> _Source data_:

◆ ◆ ◆ ◆

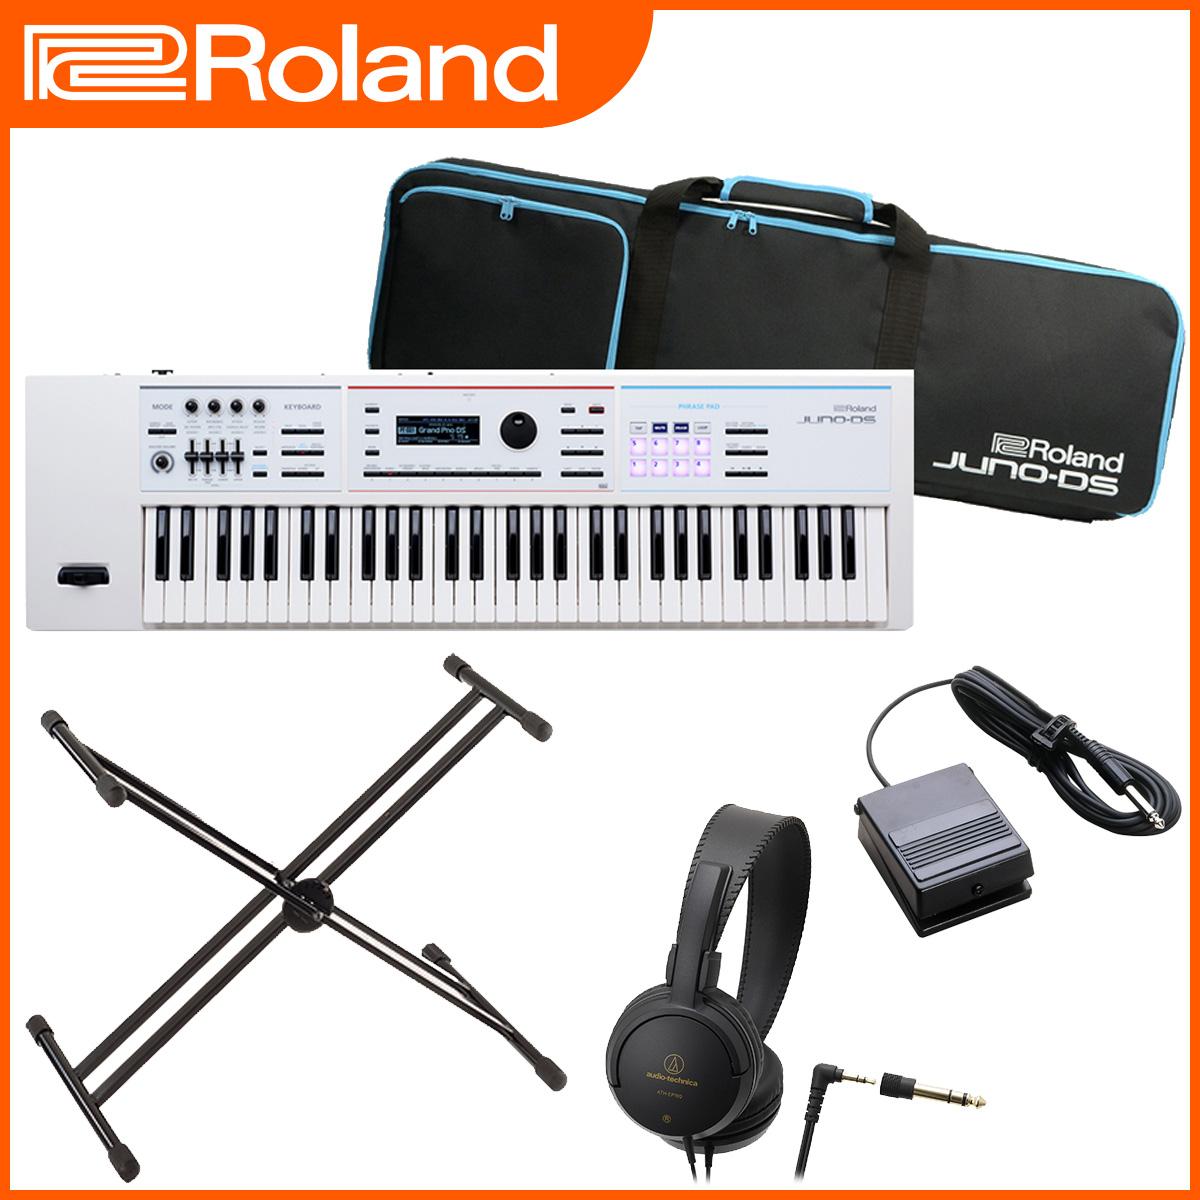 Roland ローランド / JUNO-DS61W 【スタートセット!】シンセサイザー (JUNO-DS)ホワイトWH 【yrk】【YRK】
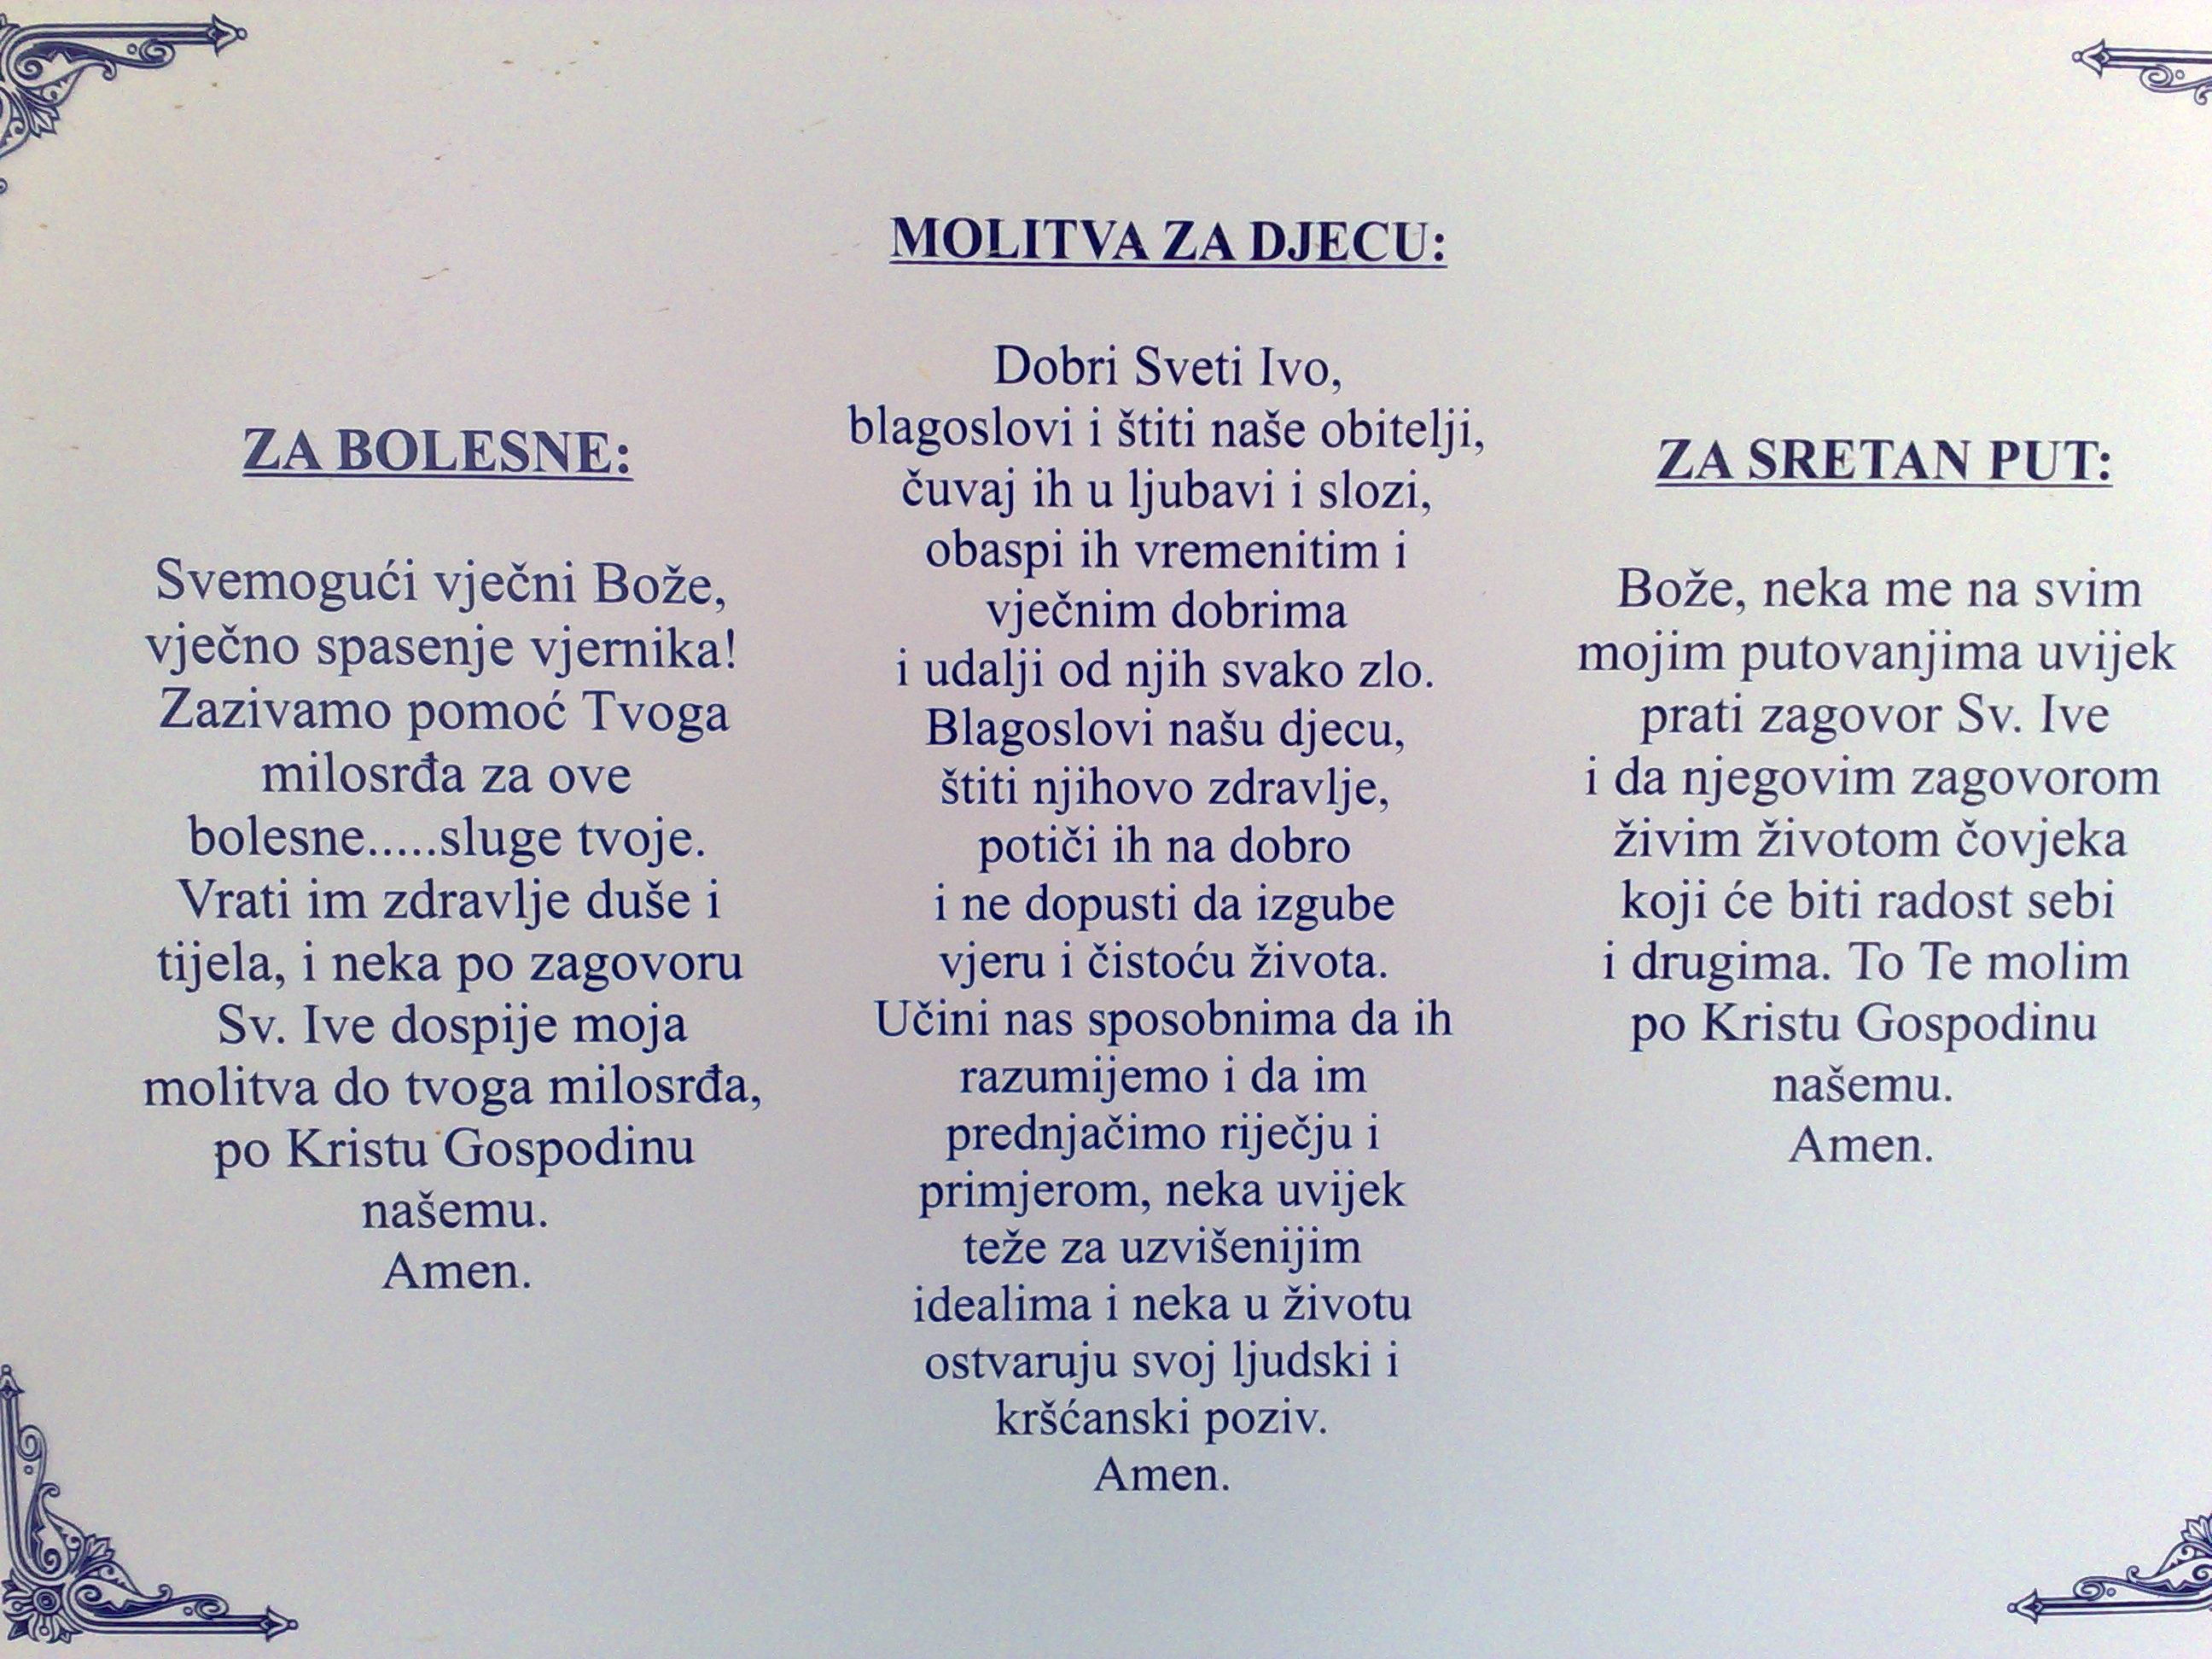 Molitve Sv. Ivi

◆ ◆ ◆ ◆

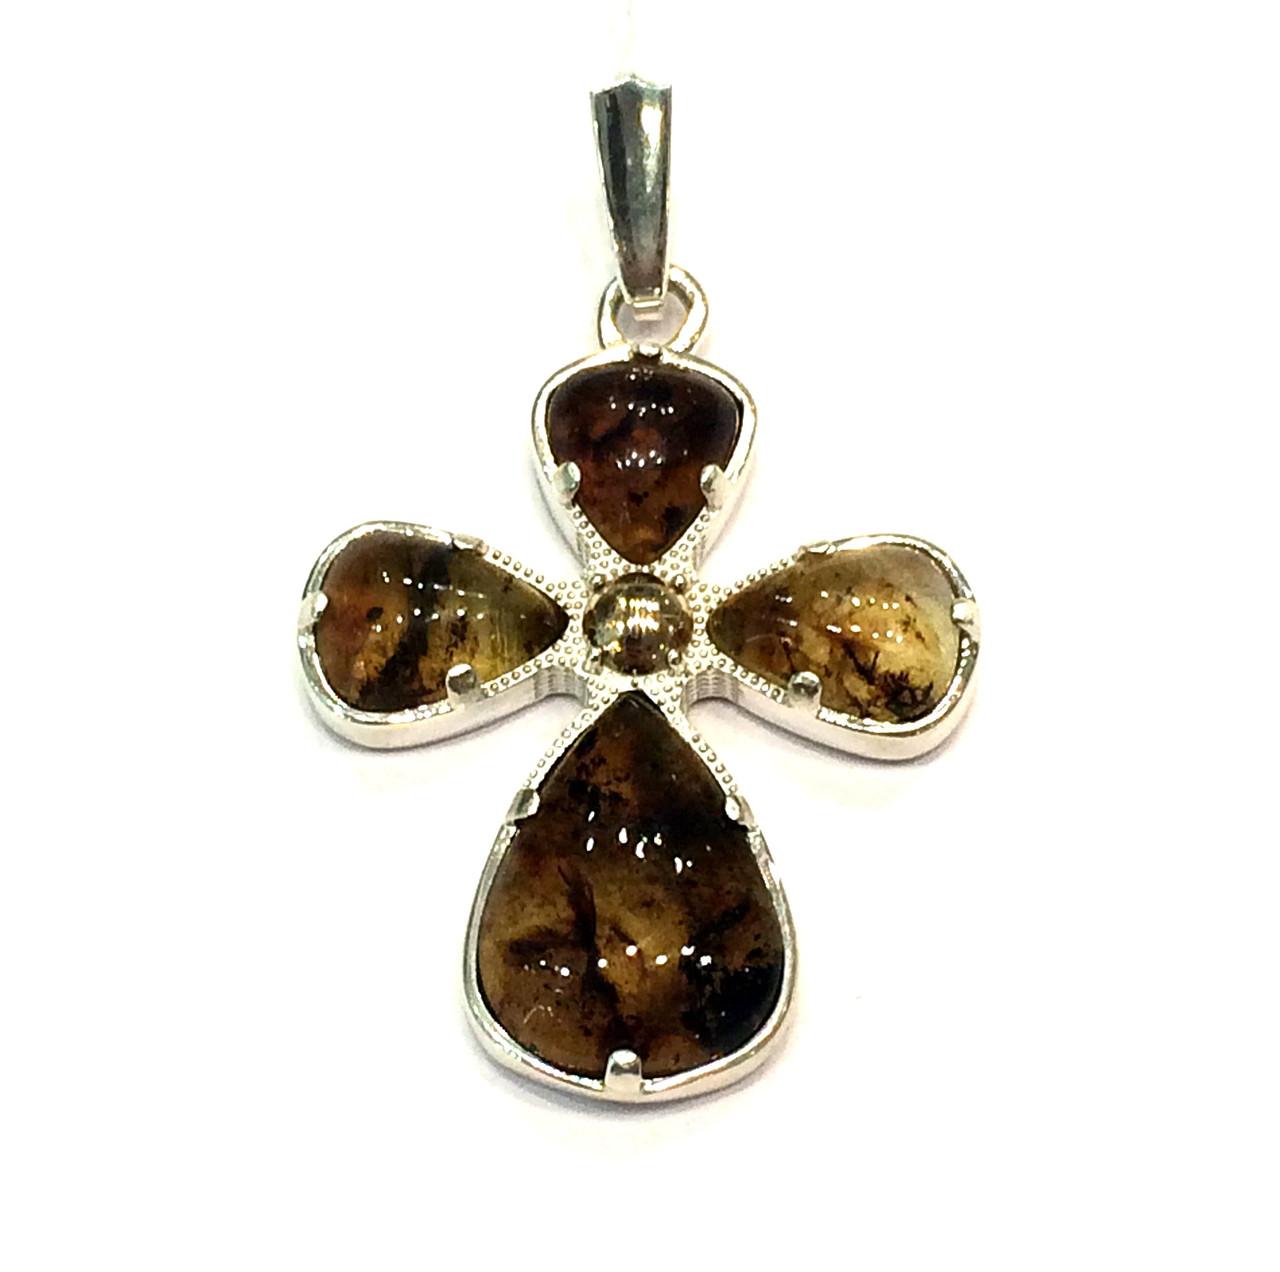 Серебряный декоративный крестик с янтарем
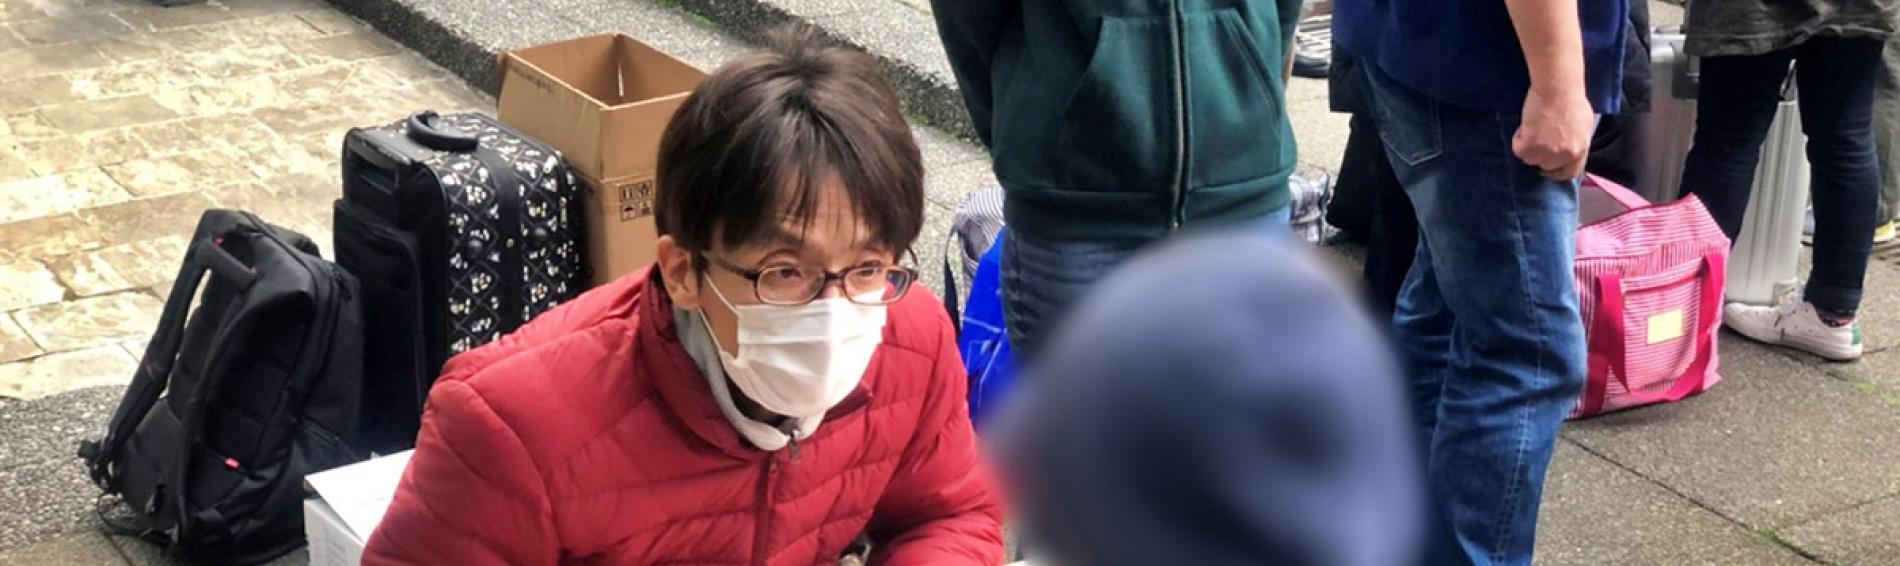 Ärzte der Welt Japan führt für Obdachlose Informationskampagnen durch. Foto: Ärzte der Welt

◆ ◆ ◆ ◆

> _Assignment_: In the entries above, which lines run from the one with "Серебряный декоративный крестик с янтарем" up to and including the one with "Ärzte der Welt Japan"? Write them out exactly, without the pictures.

> _Task result_:
 Серебряный декоративный крестик с янтарем
 Ärzte der Welt Japan führt für Obdachlose Informationskampagnen durch. Foto: Ärzte der Welt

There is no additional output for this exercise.